I don't know much about neurotransmitters, so I don't know how to interpret your symptoms. But I will just offer an anecdote-- I know someone who suffers from depression and has tried several SSRI's including paxil and did well on them. He tried 5-HTP alone and it just made him sleepy. But when he tried taking Vitamin B6, it made him feel alot brighter and gave him more energy. Apparently Vitamin B6 is used in the conversion of 5-HTP to serotonin. So for his particular situation, I'm guessing he doesn't utilize B6 efficiently, and it took more supplementation for him to convert to serotonin. So that is something to think about. I can't figure out which SNPs would account for the B6 utilization though.

Can you tell me how to read the chart? I know what the indicators across the top like 1A2 mean. Are these lists of things we will have problems clearing and will stay in our bodies longer if we take them? For instance I have several heterozygous 2D6 SNPS. Does that make the antidepressants listed under 2D6 contraindicated for me?
Thanks.
 

PDXhausted

Senior Member
Messages
258
Location
NW US
I should re-iterate that I'm not an expert in this area, and would defer to anyone with better biochemistry knowledge, but here is my basic understanding--- it depends on whether the SNPs you have are up-regulations or down-regulations. If the polymorphism is an up-regulation, that means you may metabolize a drug that is a substrate of that cytochrome faster (and thus may need more to feel the effect of it).

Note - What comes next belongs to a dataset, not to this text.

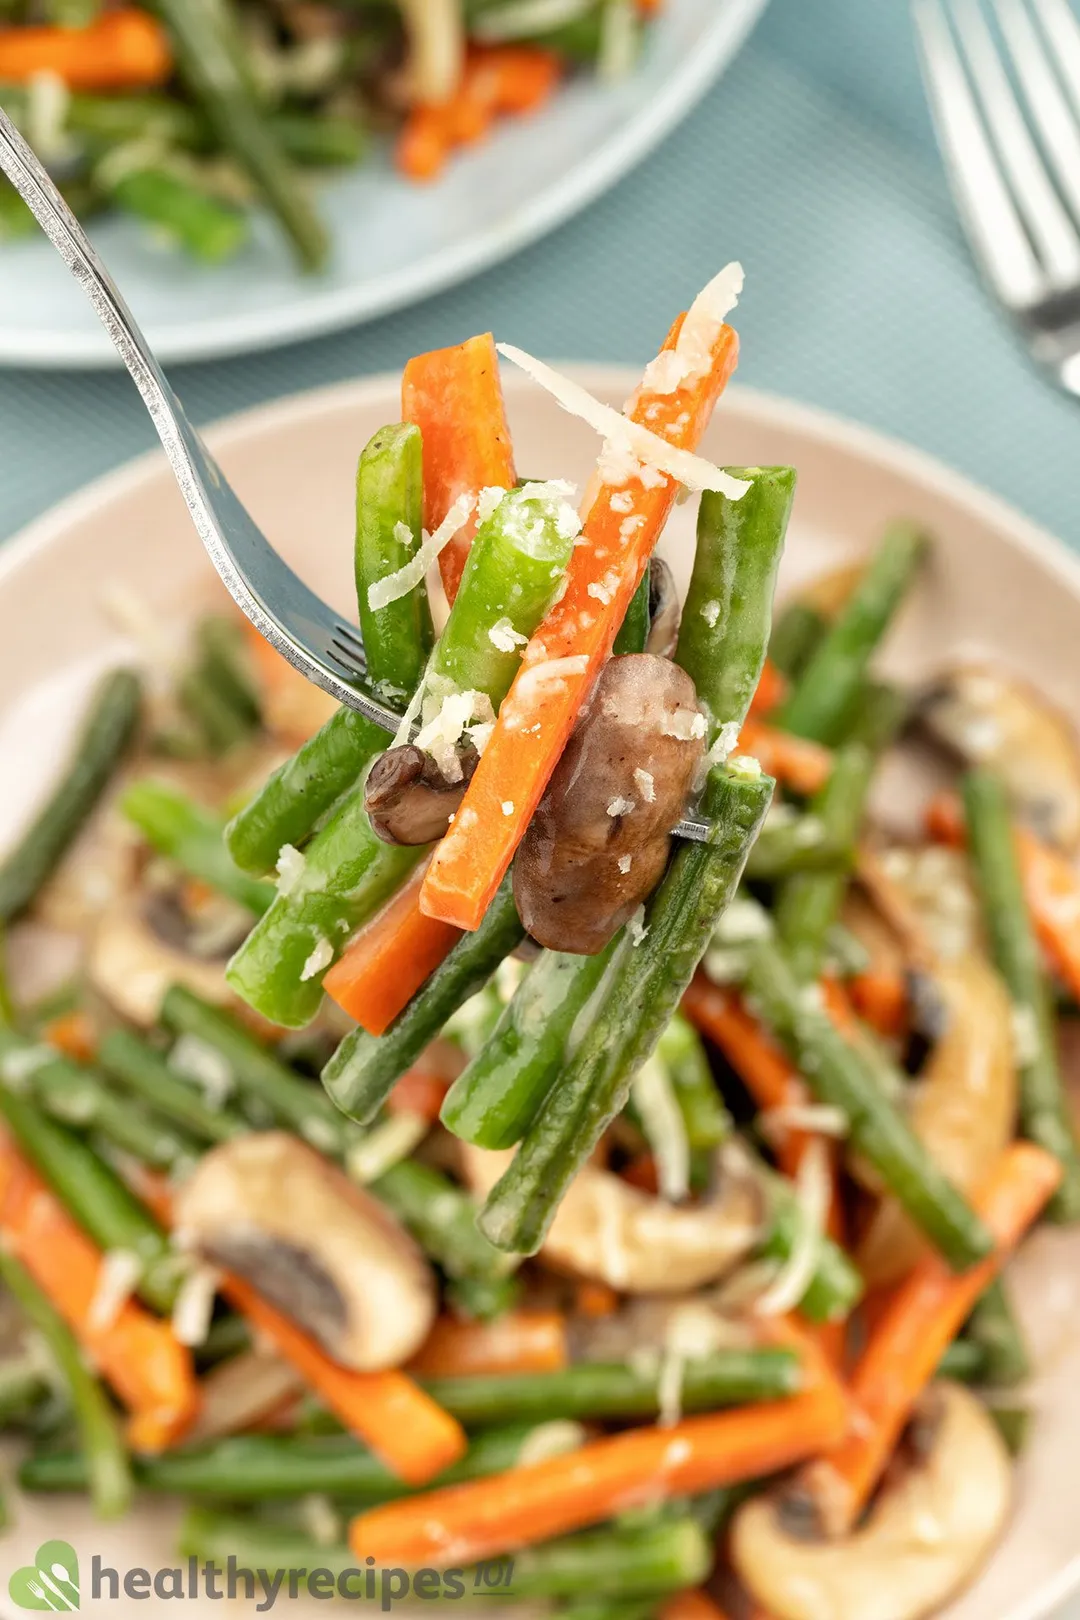 A fork piercing into green beans and julienned carrots.

If the SNP is a down-regulation, that means you may metabolize the drug slower and thus may need a lower dose.

As for interpreting the chart, I believe the substrate section are drugs that are metabolized through those cytochromes. The inducer section are substances that stimulate production of that cytochrome, thus making more of it. And the inhibitor section are substances that reduce the availability of the cytochrome.

You could try and search through PubMed for both the SNPs and the specific drugs you are concerned with, and see if there is any specific research available. And of course talk to your prescribing doctor too :)
 

Bluebell

Senior Member
Messages
392
My first candidate would be the one that is also associated with Post Traumatic Stress Disorder.
It's called RORA and you can find it on your 23andme.I'm homozygous for it.
Istvan

Istvan, which one? 23andMe says that there are 429 SNPS for RORA!
 

Hip

Senior Member
Messages
17,820
There are some treatments suggested for post-SSRI sexual dysfunction in this article here, including the drugs bupropion and pramipexole, and the supplement yohimbine. I wonder if these might be generally beneficial for log term SSRI-casued lingering effects?